Gene Expression Profiling to Help Define the Need for Neo-Adjuvant Chemotherapy in HR+, HER- Breast Cancer Patients

Breast Cancer Clinical Trial

NACAGEP

Official title:
Gene Expression Profiling to Help Define the Need for Neo-Adjuvant Chemotherapy in HR+, HER- Breast Cancer Patients

Clinical Trial Details — Status: Recruiting

Administrative data
NCT number NCT05666258
Other study ID # NACAGEP
Secondary ID
Status Recruiting
Phase
First received
Last updated
Start date November 14, 2022
Est. completion date November 14, 2024

Study information
Verified date October 2023
Source Universitair Ziekenhuis Brussel
Contact Ine Luyten, MD
Phone 02 477 6015
Email borstkliniek@uzbrussel.be
Is FDA regulated No
Health authority
Study type Observational

Clinical Trial Summary

The goal of the experiment is surgical de-escalation.

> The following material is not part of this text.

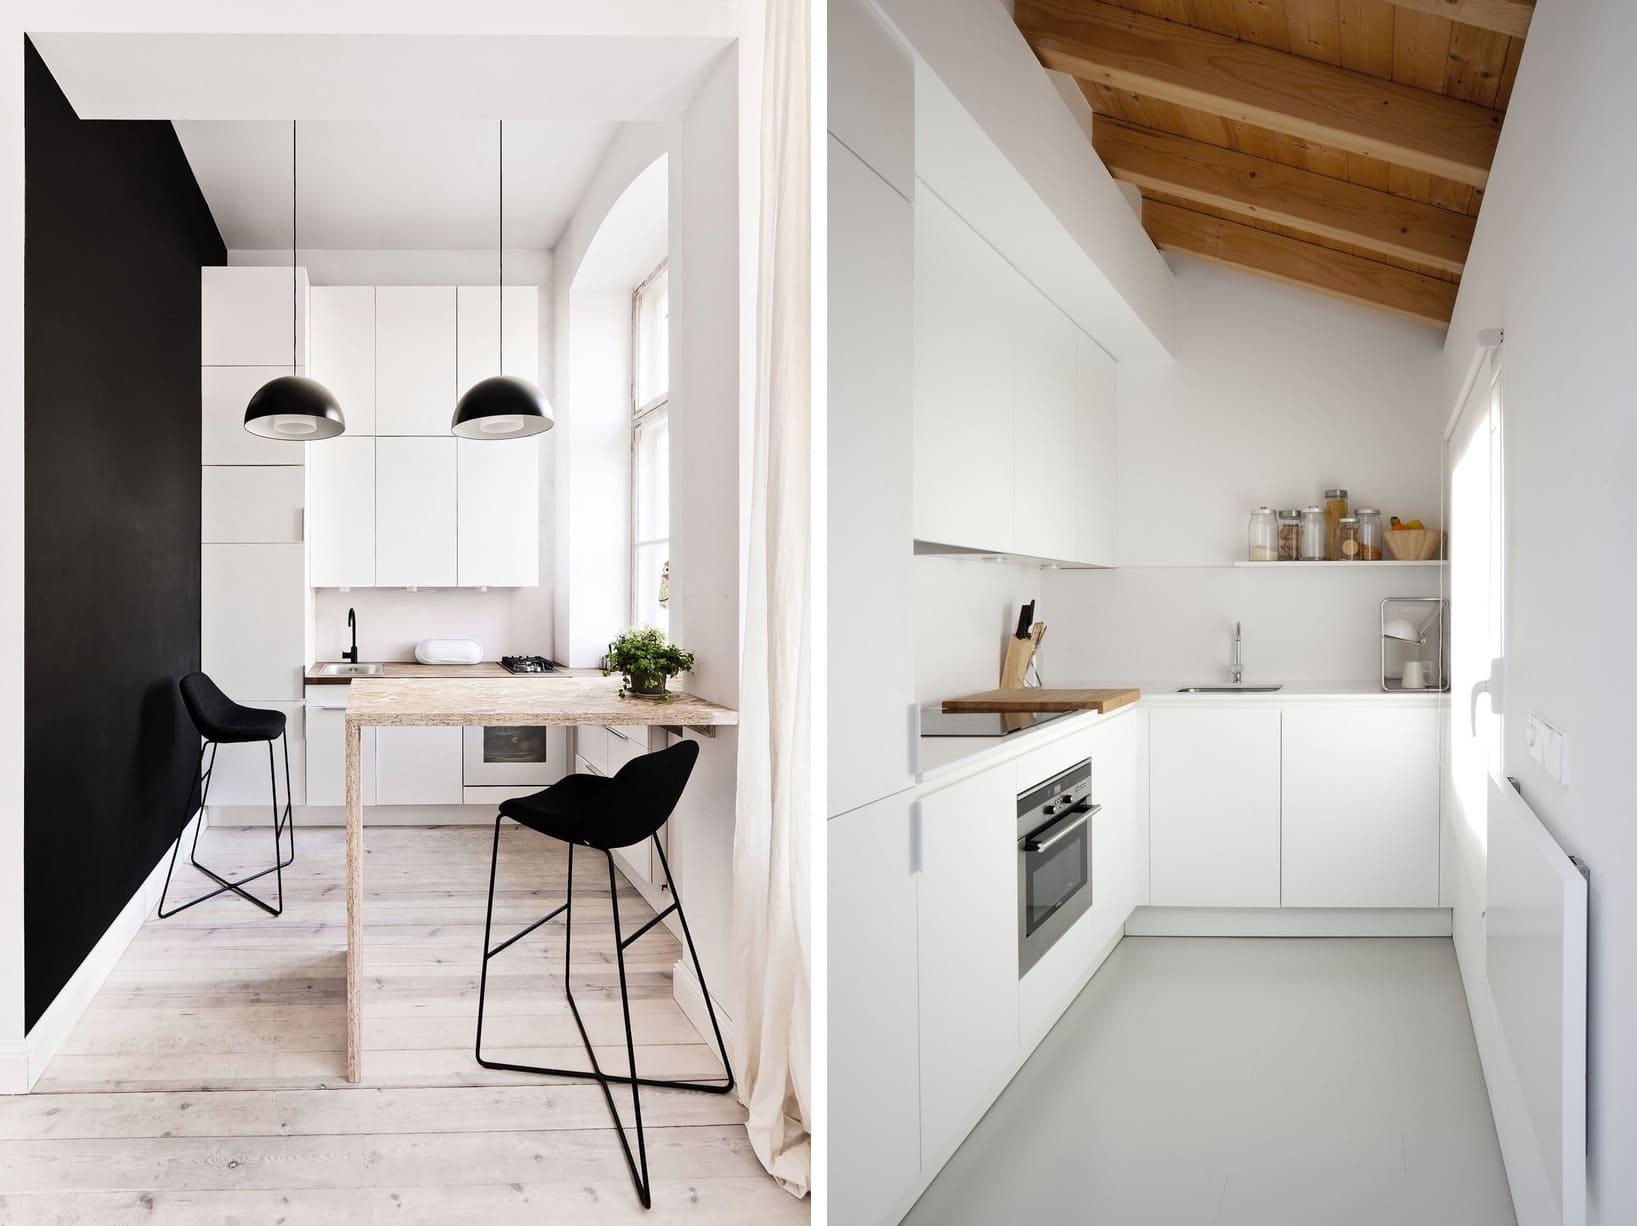 Откидная столешница закрепленная к стене позволит сохранить больше свободного места на узкой кухне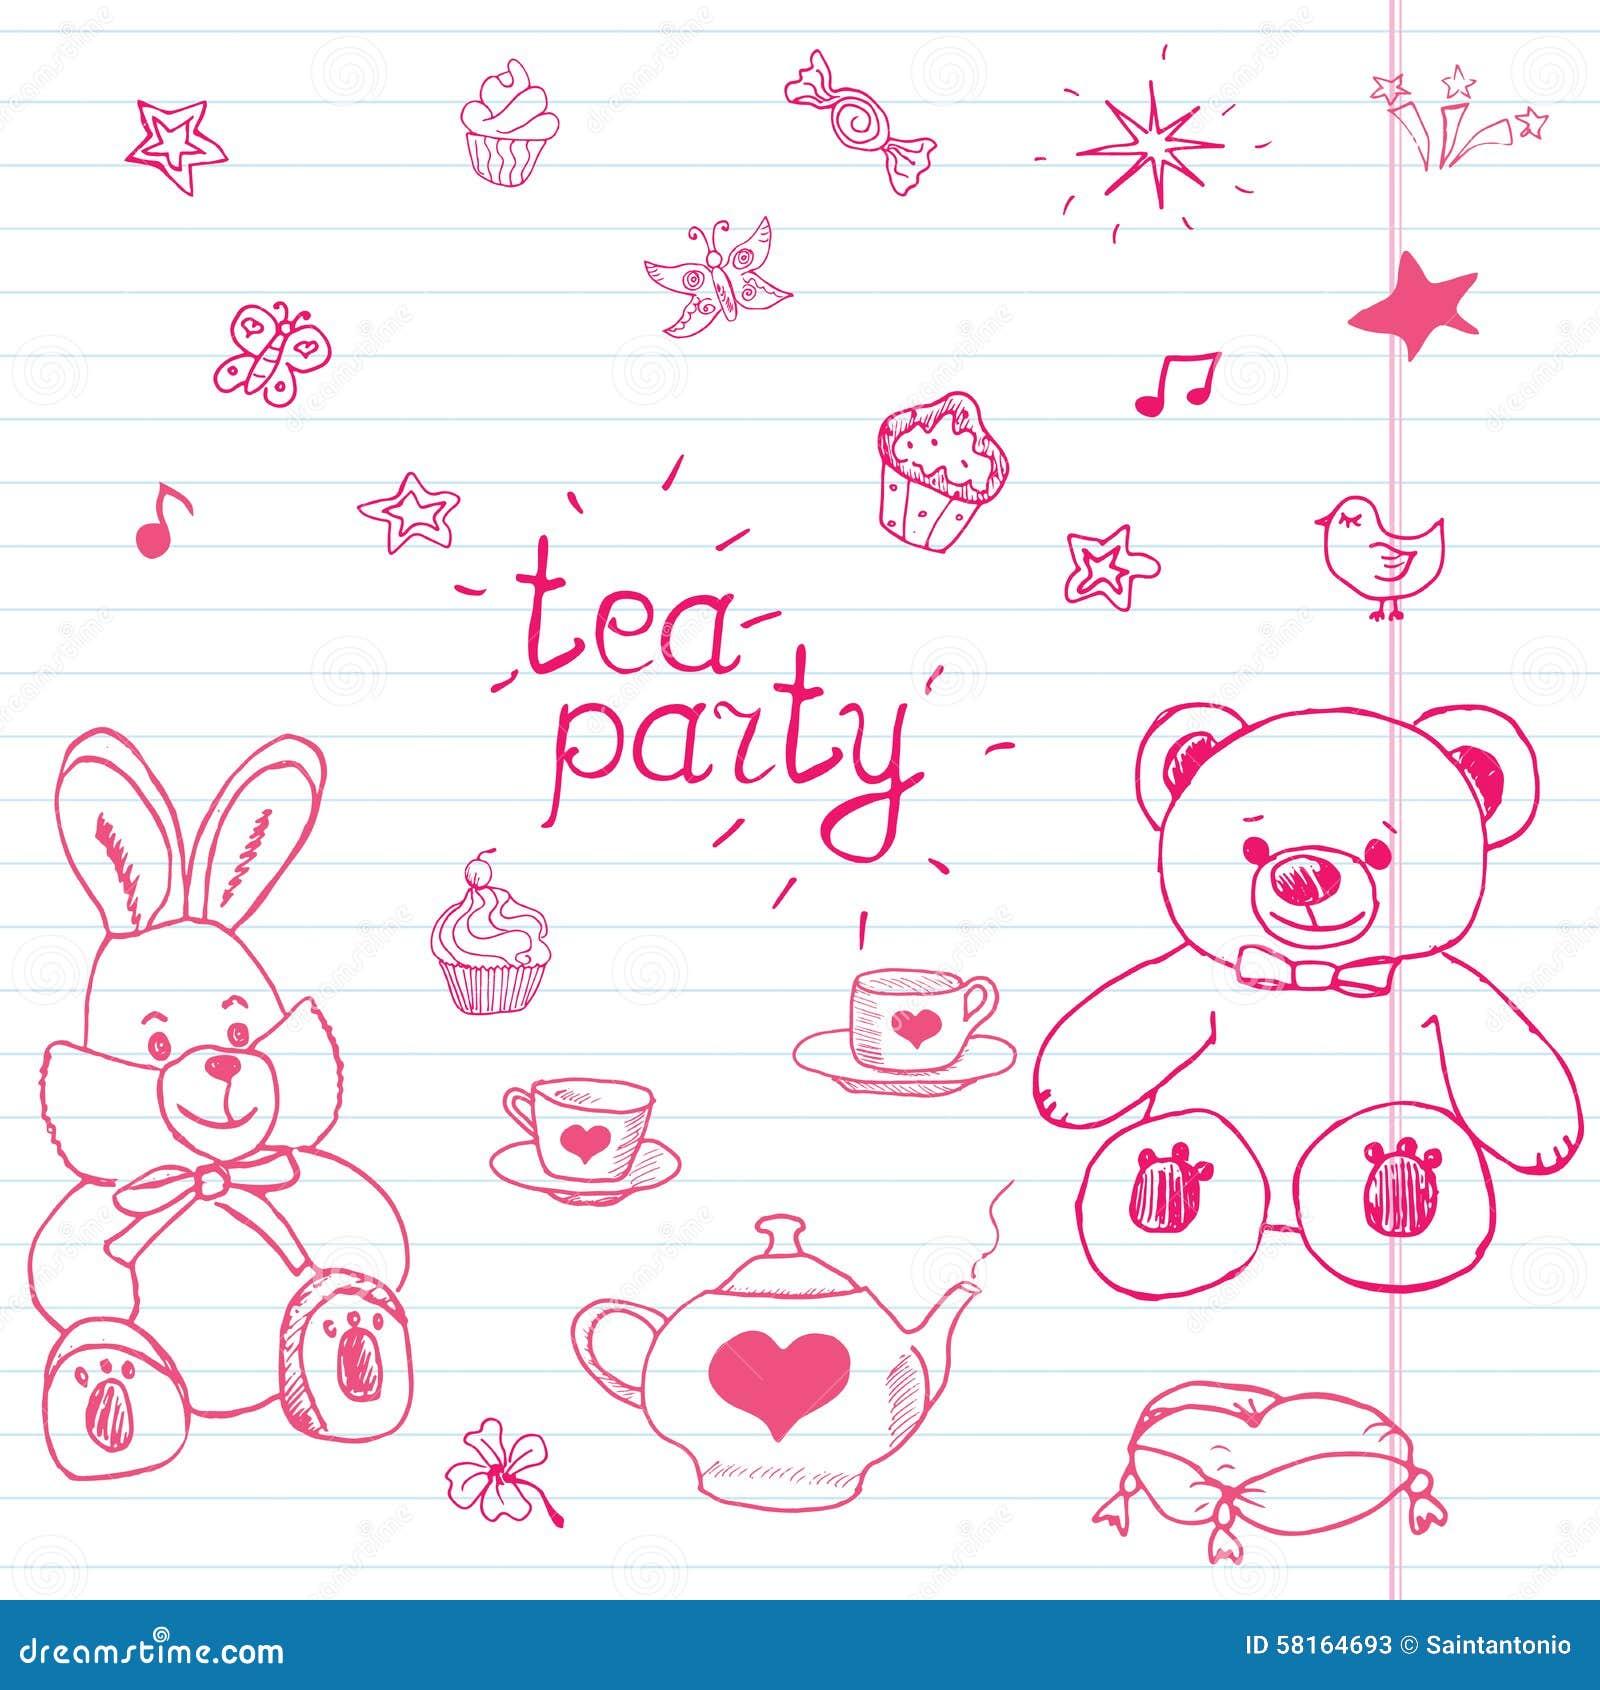 Hand getrokken vectorillustratiereeks van theekransje met gevuld speelgoed, theepot, koppen, pannekoeken, snoepjesvogels en vlind

Patients with newly diagnosed cT1-3, cN1, cM0 and HR+, HER2- breast cancer and low clinical risk usually first receive breast cancer surgery, after which chemotherapy can be added based on the final anatomopathological results or additional Gene Expression Profiling (GEP) testing. Chemotherapy helps reduce the cancer recurrence or metastasis risk. Adjuvant chemotherapy (AC) can be given for large tumours, aggressive tumours with high grade tumour cells, or if axillary lymph node invasion is discovered during surgery. If the investigators were able to identify patients requiring chemotherapy prior to surgery, they could treat them with Neo-Adjuvant Chemotherapy (NAC) instead. By using MammaPrint® GEP, the investigators would be able to stratify patients into either a low- or high-risk category. Since the high-risk group is known to benefit from chemotherapy to improve overall survival, they would be treated with NAC, which could also potentially lead to surgical de-escalation. Breast conserving procedures, such as a lumpectomy instead of a mastectomy, could allow more aesthetically pleasing results and increase patient quality of life. Using NAC for patients with axillary lymph node invasion could lead to nodal complete pathological response (cN1 -> ypN0), allowing patients that are willing to enter the TADANAC trial a lymph node sparing procedure instead of a full axillary lymph node dissection.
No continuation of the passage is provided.